La Banque africaine de développement (BAD), qui a misé gros déjà au Bénin, au Maroc et au Cameroun, a promis de mettre sur la table 24 milliards de dollars, devant 1 500 personnalités en provenance de quarante pays du continent. L’ambition est grande : Soulager 70% d’Africains dont la survie alimentaire est encore tributaire de l’agriculture.

Le président de la BAD, Akinwumi Ayodeji Adesina, agroéconomiste de formation, a fait de la révolution de l’agriculture africaine une de ses priorités.

Uhuru Kenyatta, le président du Kenya, a fait savoir que son pays va dégager 200 millions de dollars pour faciliter à 150 000 jeunes agriculteurs l’accès aux marchés, aux banques et à l’assurance.

La Fondation Melinda & Bill Gates et la Fondation Rockefeller font partie des généreux contributeurs à ce fonds.

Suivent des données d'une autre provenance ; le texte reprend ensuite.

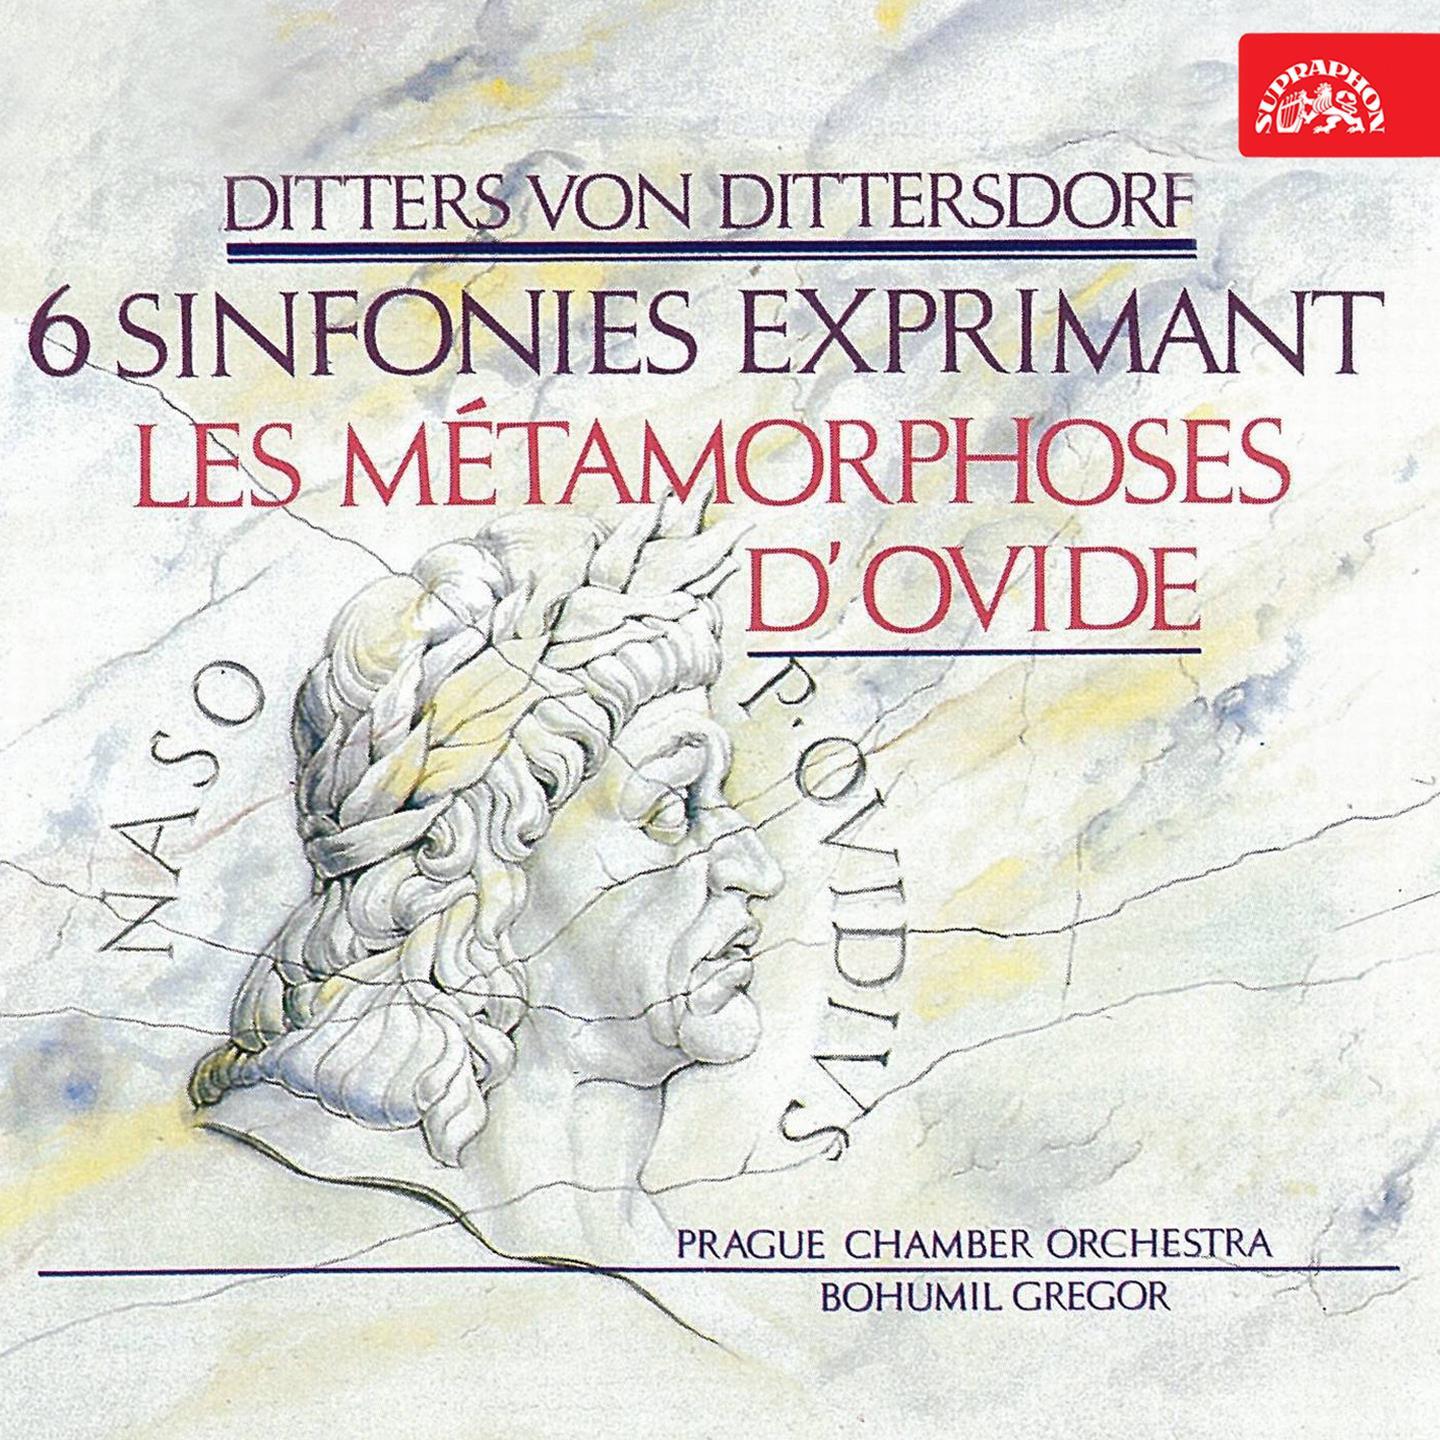 Symphonies After Ovid's Metamorphoses, No. 1 in C Major, Kr. 73 "Die vier Weltalter": II. Allegro e vivace

D’ailleurs ces deux organisations ont inspiré cet élan de la révolution verte en Afrique (« Alliance for a green revolution in Africa »). Les deux fondations américaines ont promis d’injecter 1,180 milliard de dollars.

Le Programme alimentaire mondial, la nouvelle filiale africaine du producteur marocain d’engrais OCP, la Kenya Commercial Bank et le Fonds international de développement agricole se sont également engagés à mettre la main à la poche.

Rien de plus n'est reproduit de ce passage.